An ML interpretation of Shard Theory

Crossposted from my personal blog

Epistemic Status: I have spent a fair bit of time reading the core Shard Theory posts and trying to understand it. I also have a background in RL as well as the computational neuroscience of action and decision-making. However, I may be misunderstanding or have missed crucial points. If so, please correct me!

Shard Theory has always seemed slightly esoteric and confusing to me — what are ‘shards’, why might we expect these to form in RL agents? When first reading the Shard Theory posts, there were two main sources of confusion for me. The first: why an agent optimising a reward function should not optimise for reward but instead just implement behaviours that have been rewarded in the past?

This distinction is now obvious to me. The distinction between amortised vs direct inference, and shards as cached behaviours falls directly out of amortized policy gradient algorithms (which Shard Theory uses as the prototypical case of RL [1]). This idea has also been expanded in many other posts.

The second source of my confusion was the idea of shards themselves. Even given amortisation, why should behaviour splinter into specific ‘shards’? and why should the shards compete with one another?
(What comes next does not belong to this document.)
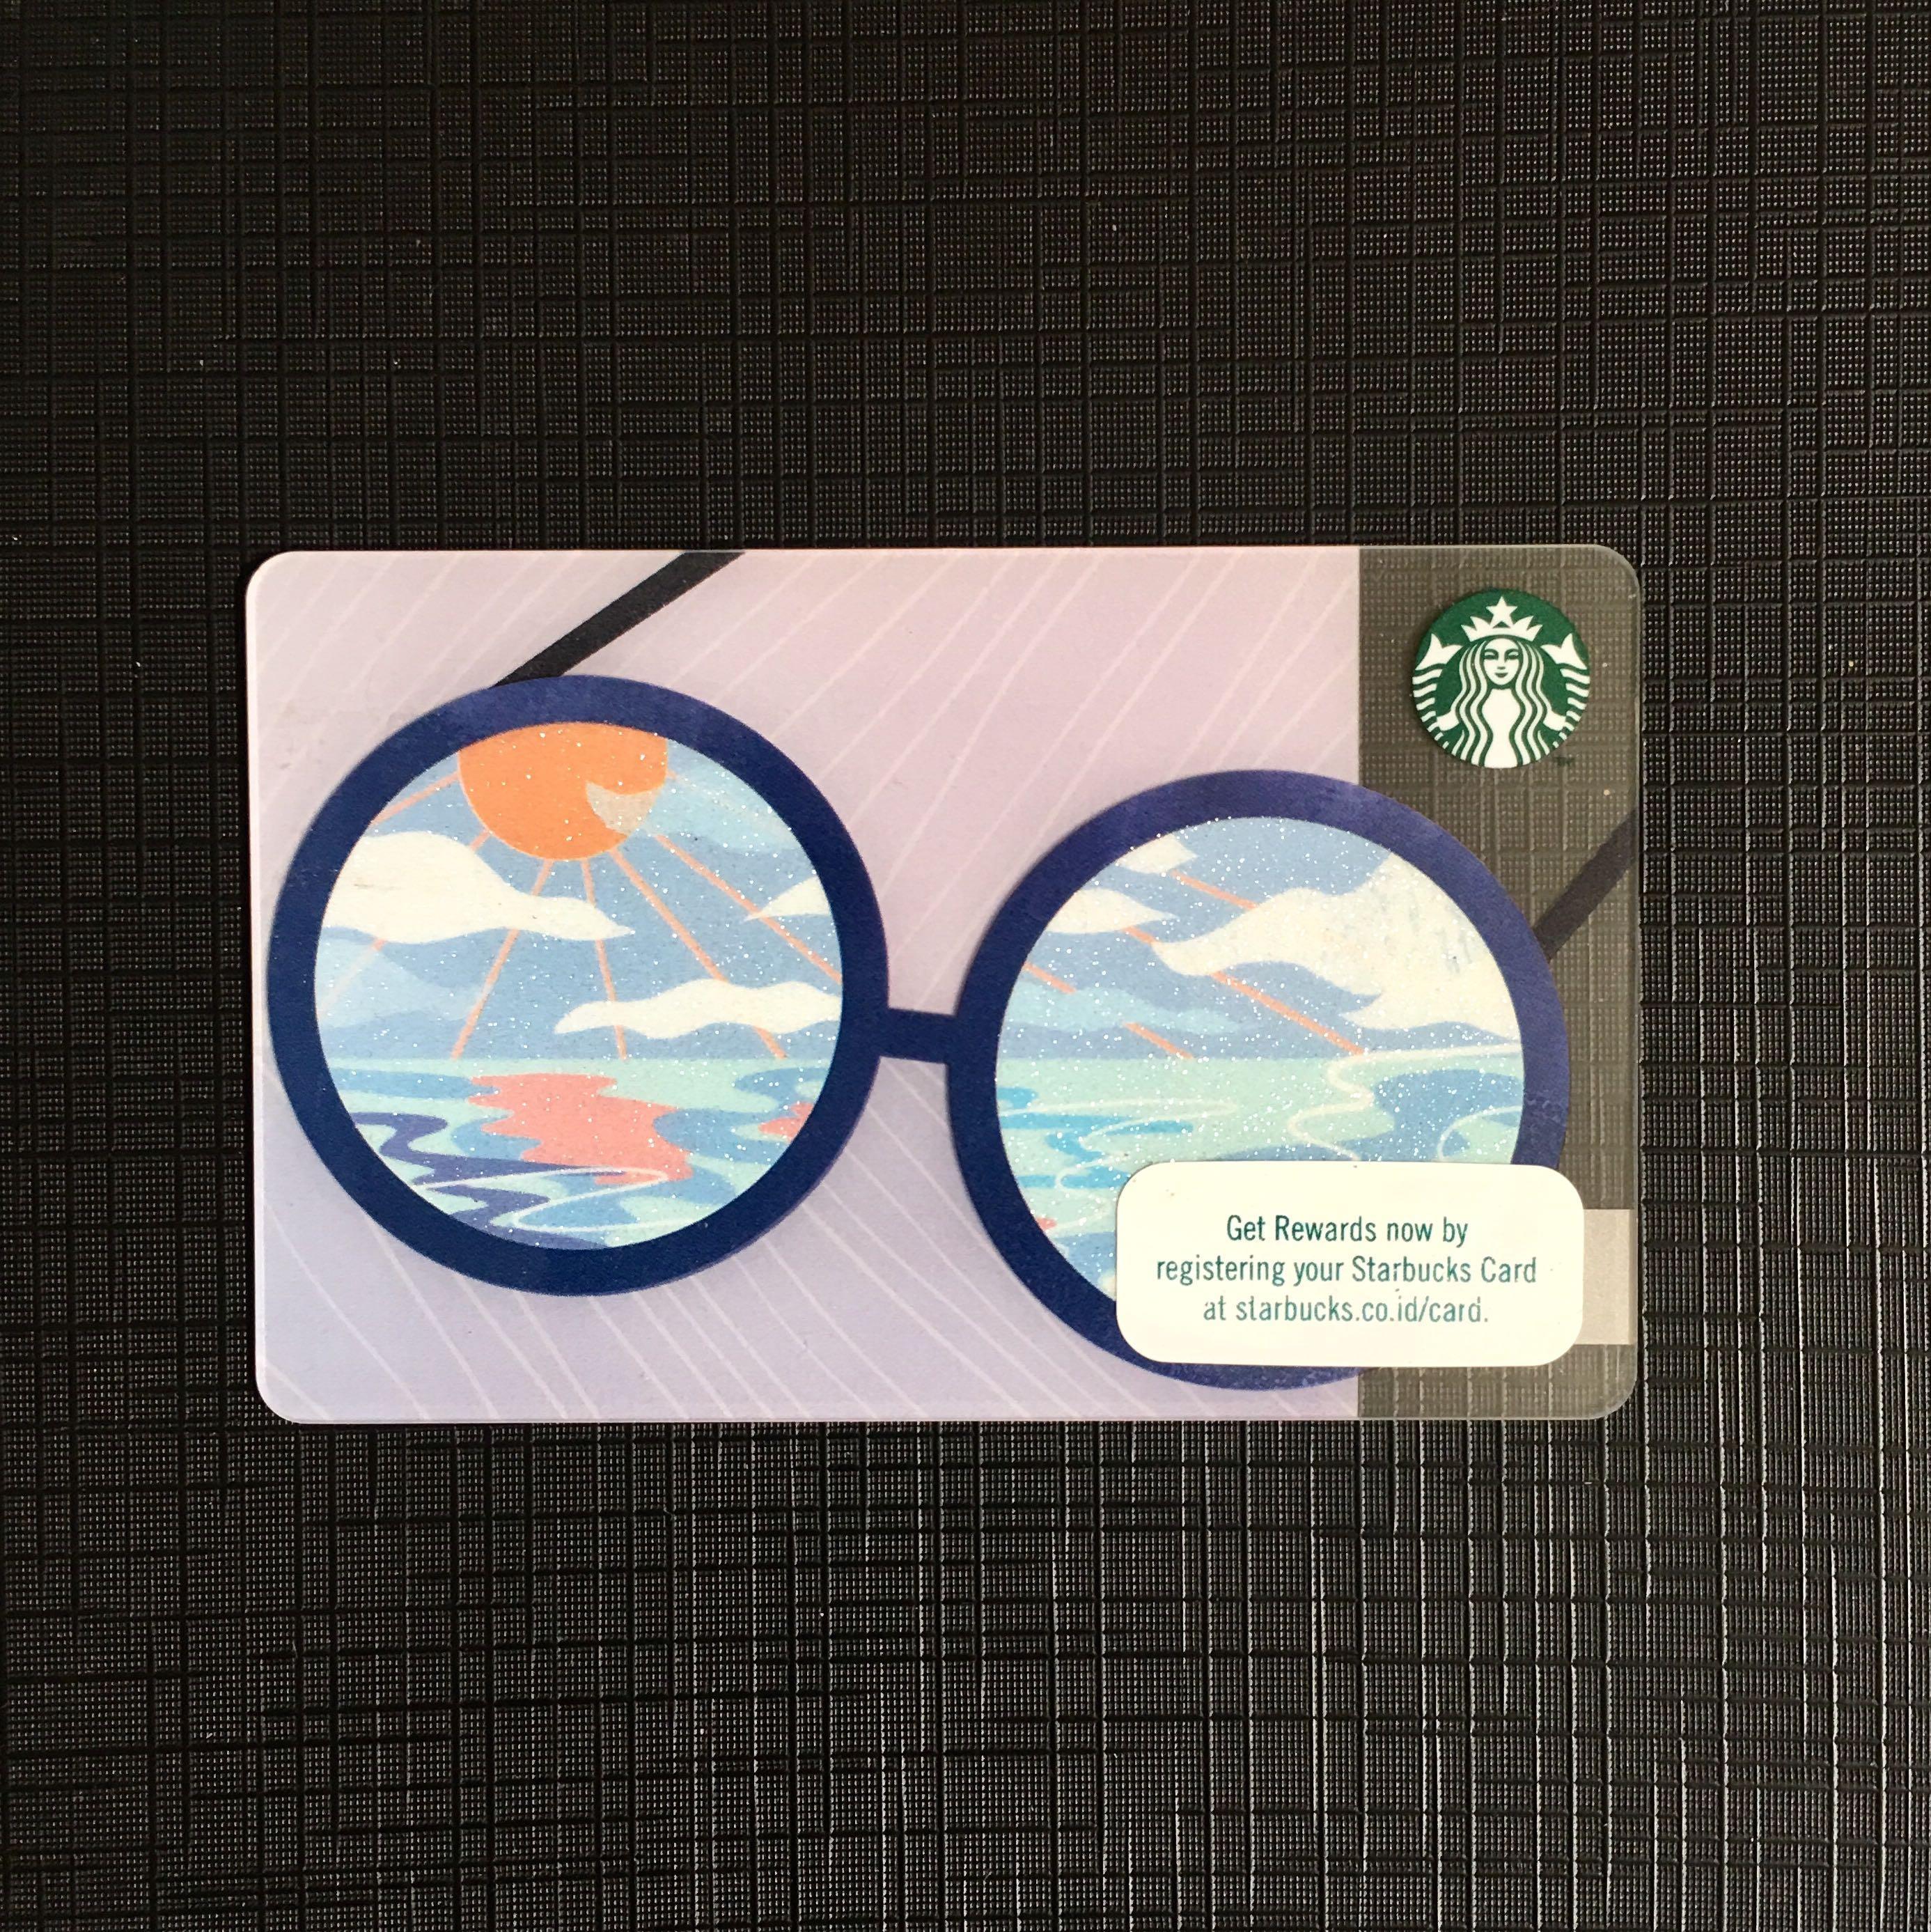 LIMITED EDITION STARBUCKS CARD SUMMER

What would it even mean for ‘shards’ to compete or for there to be ‘shard coalitions’ in a neural network?

My best guess here is that Shard Theory is making several empirical claims about the formation of representations during training for large-scale (?) RL models. Specifically, from an ML lens, we can think of shards as loosely-coupled relatively-independent subnetworks which implement specific behaviours.

A concrete instantiation of Shard Theory’s claim, therefore, appears to be that during training of the network, the tendency is for the optimiser to construct multiple relatively loosely coupled circuits which each implement some specific behaviour which has been rewarded in the past. In a forward pass through the networks, these circuits then get activated according to some degree of similarity between the current state and the states that have led to reward in the past. These circuits then ‘compete’ with one another to be the one to shape behaviour by being passed through some kind of normalising nonlinearity such as softmax. I am not entirely sure how ‘shard coalitions’ can occur on this view, but perhaps some kind of reciprocal positive feedback where the early parts of the circuit of shard A also provide positive activations to the circuit of shard B and hence they become co-active (which might eventually lead to the shards ‘merging’) [2].
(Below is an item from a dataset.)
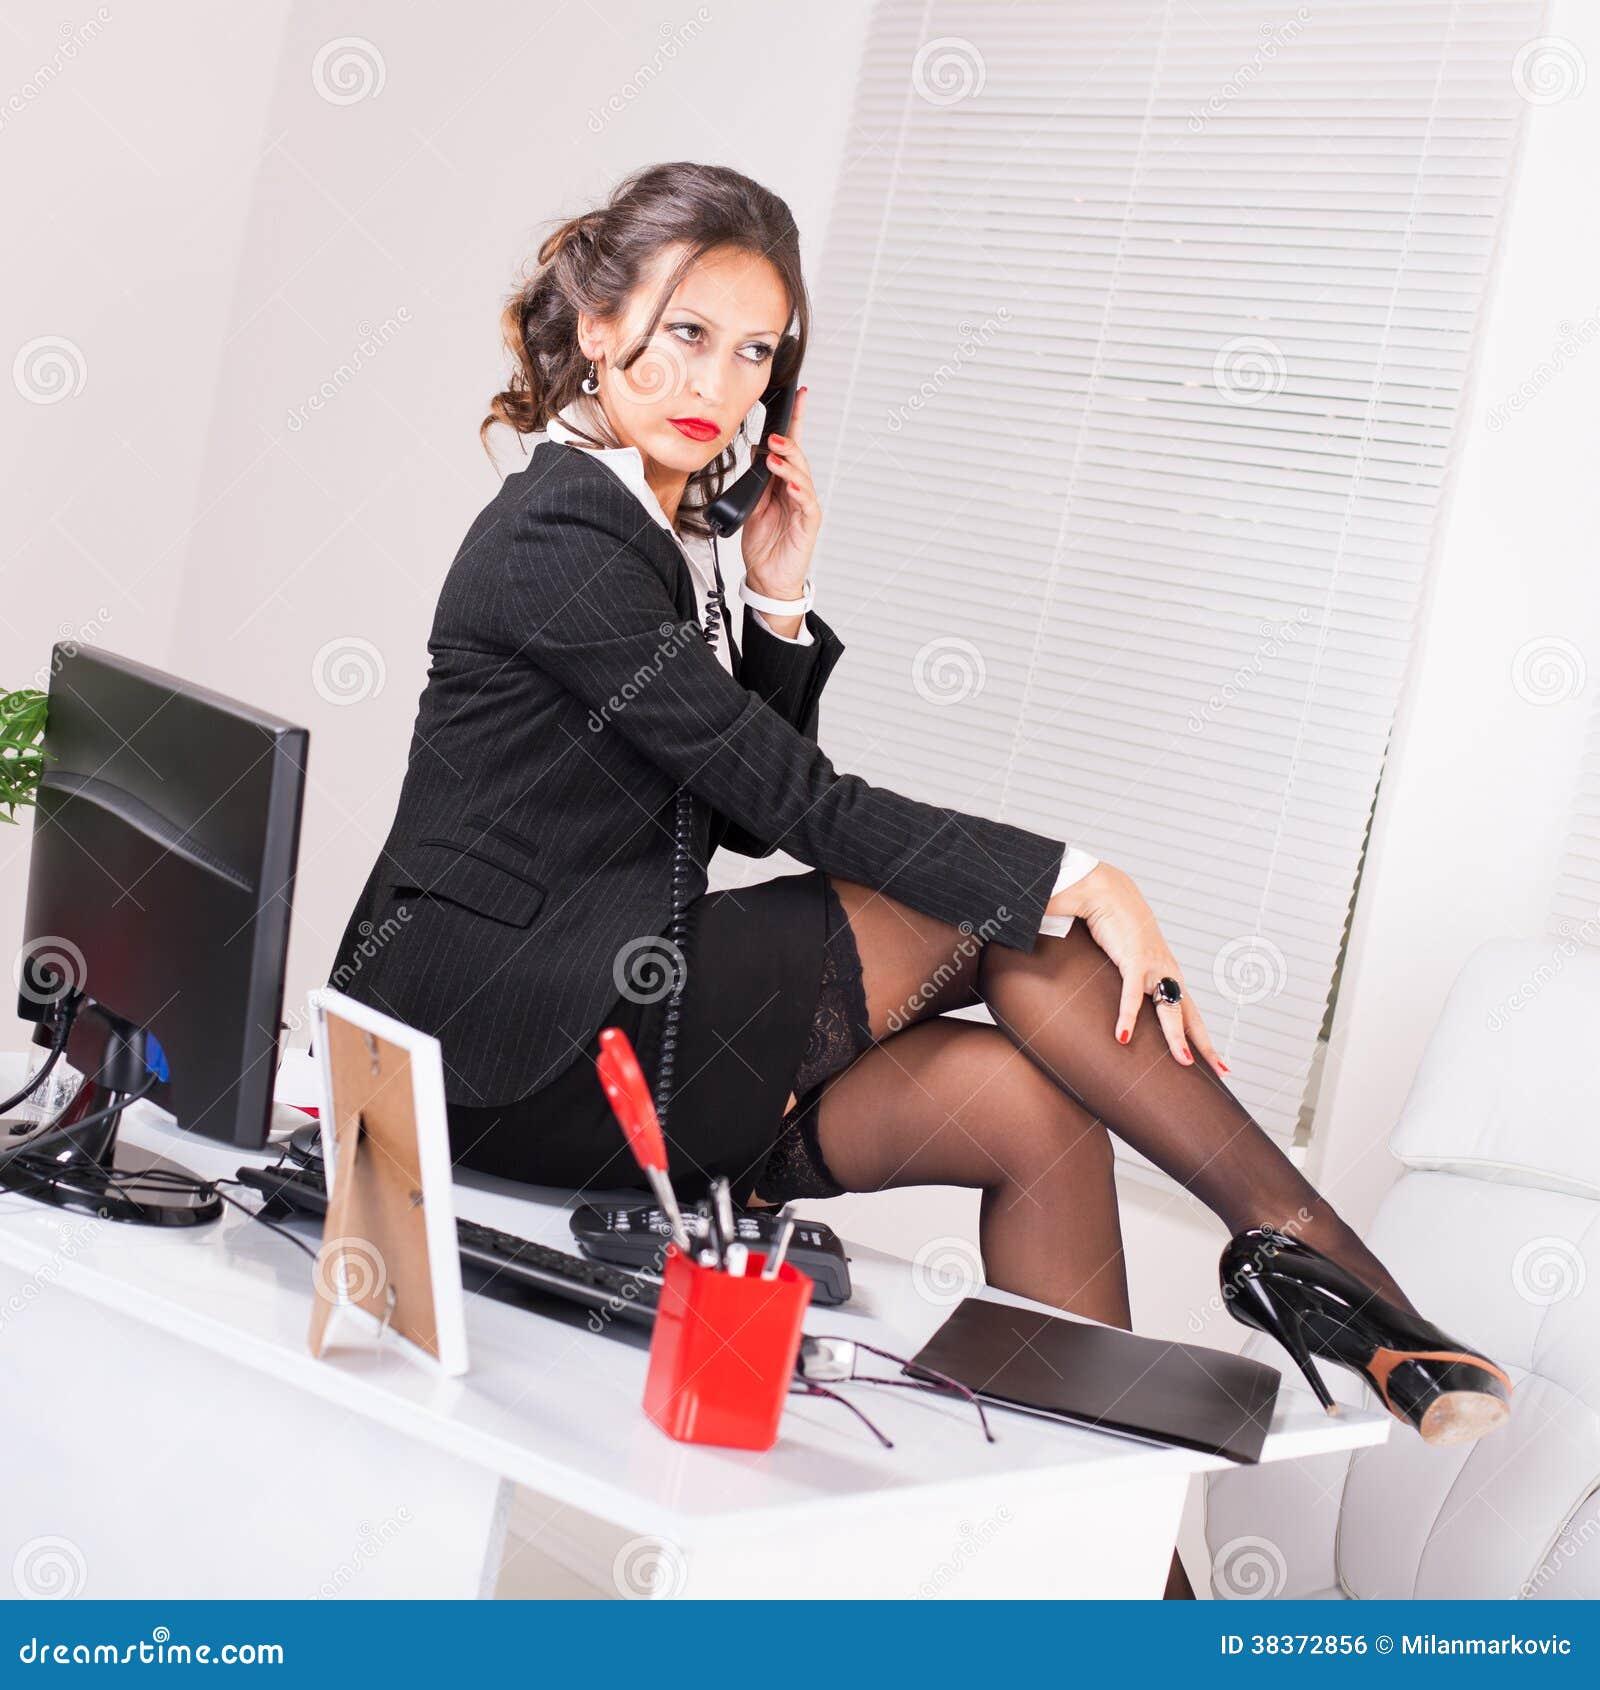 sekretar-v-ofis-s-intimom

This is not the only way that processing has to happen in a policy network. The current conceptualisation of shards requires them to be in the ‘output space’ — i.e shards correspond to networks in favour of some series of actions being taken. However, the network could instead do a lot of processing in the input space. For instance, it could separate processing into two phases: 1.) Figure out what action to take by analysing the current state and comparing it to past rewarded states and then 2.) translate that abstract action into the real action space—i.e. translate ‘eat lollipop’ into specific muscle movements. In this case, there wouldn’t be multiple shards forming around behaviours, but there could instead be ‘perceptual shards’ which each provide their own interpretations of the current state.
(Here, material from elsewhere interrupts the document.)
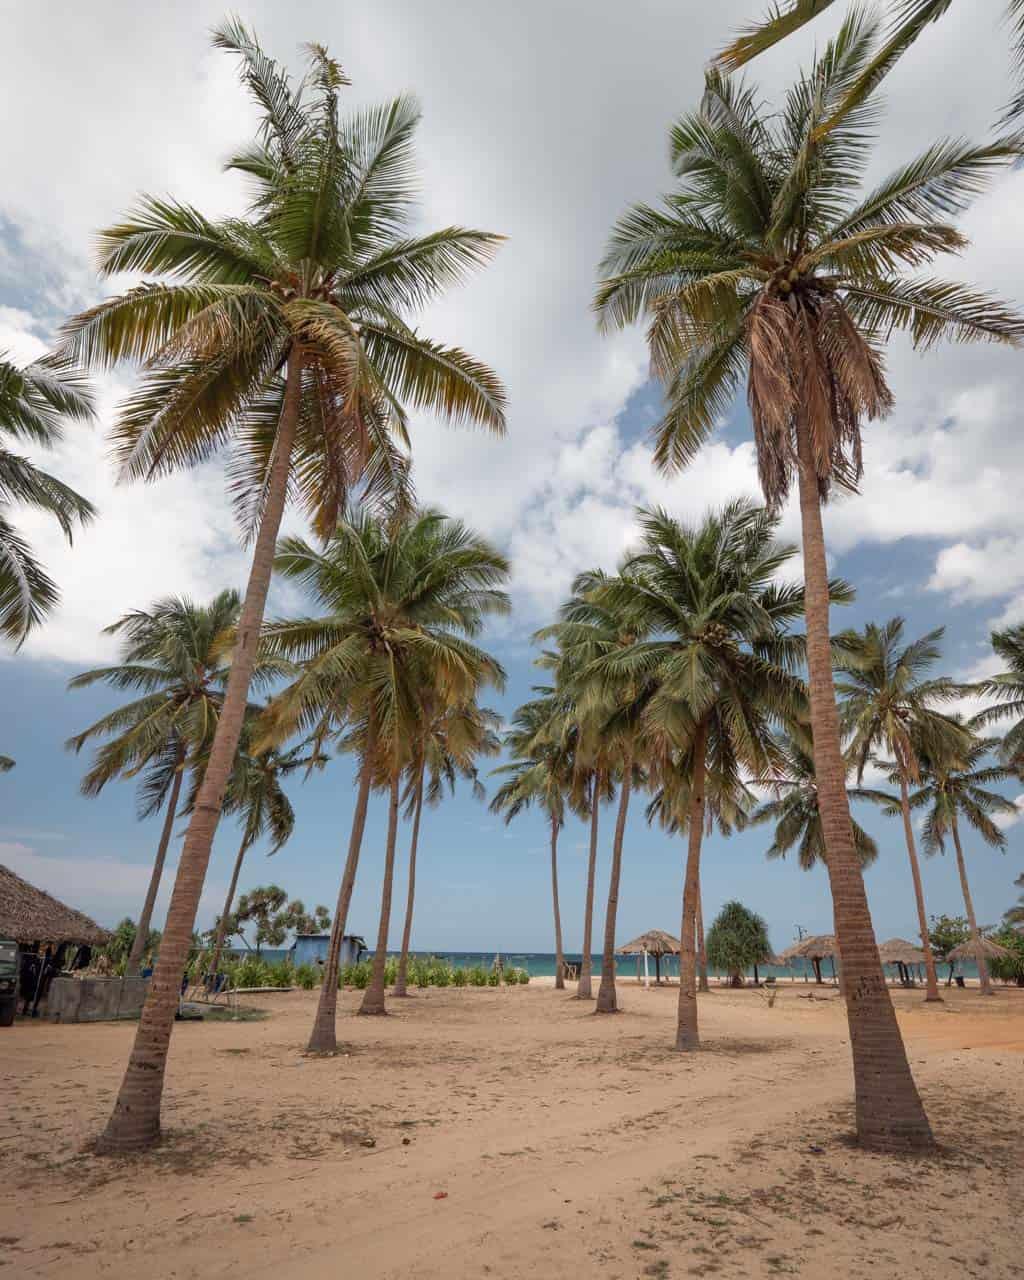 Trincomalee-nilaveli-beach-palmtrees

Another alternative is that all the circuits in the network are tightly coupled and cannot be meaningfully separated into distinct ‘shards’. Instead, each reward event subtly increases and decreases the probabilities of all options by modifying all aspects of the network. This is the ‘one-big-circuit’ perspective and may be correct. To summarize, it appears that Shard Theory claims that processing in the network is primarily done in output (behaviour) space and secondly that the internals of the network are relatively modular and consist of fairly separable circuits which implement and upweight specific behaviours.

These are empirical questions that can be answered! And indeed, if we succeed at interpretability even a small amount we should start to get some answers to these questions. Evidence from the current state of interpretability research is mixed. Chris Olah’s work in CNNs, especially Inception V1 , suggests something closer to the ‘one-big-circuit’ view than separable shards. Specifically, in CNNs representations appear to be built up by hierarchical compositional circuits — i.e. you go from curve detectors to fur detectors to dog detectors — but that these circuits are all tightly intertwined with each other rather than forming relatively independent and modular circuits (although different branches of Inception V1 appear to be modular and specialised for certain kinds of perceptual input). For instance, the features at a higher layer tend to depend on a large number of the features at lower layers. On the other hand, in transformer models, there appears to be more evidence for more independent circuits. For instance, we can uncover specific circuits for things like induction or indirect-object-identification. However, these must be interpreted with caution since we understand much less about the representations of transformer language models than Inception-V1. A-priori, both the much greater number of parameters in transformer models compared to CNNs, as well as the additive nature of residual nets vs multiplicative hierarchical nature of deep CNNs could potentially encourage the formation of more modular additive shard-like sub circuits. To my knowledge, we have almost zero studies of the internal processing of reasonably large scale policy gradient networks, which would be required to address these questions in practice. This (and interpretability in RL models in general) would be a great avenue for future interpretability and safety research.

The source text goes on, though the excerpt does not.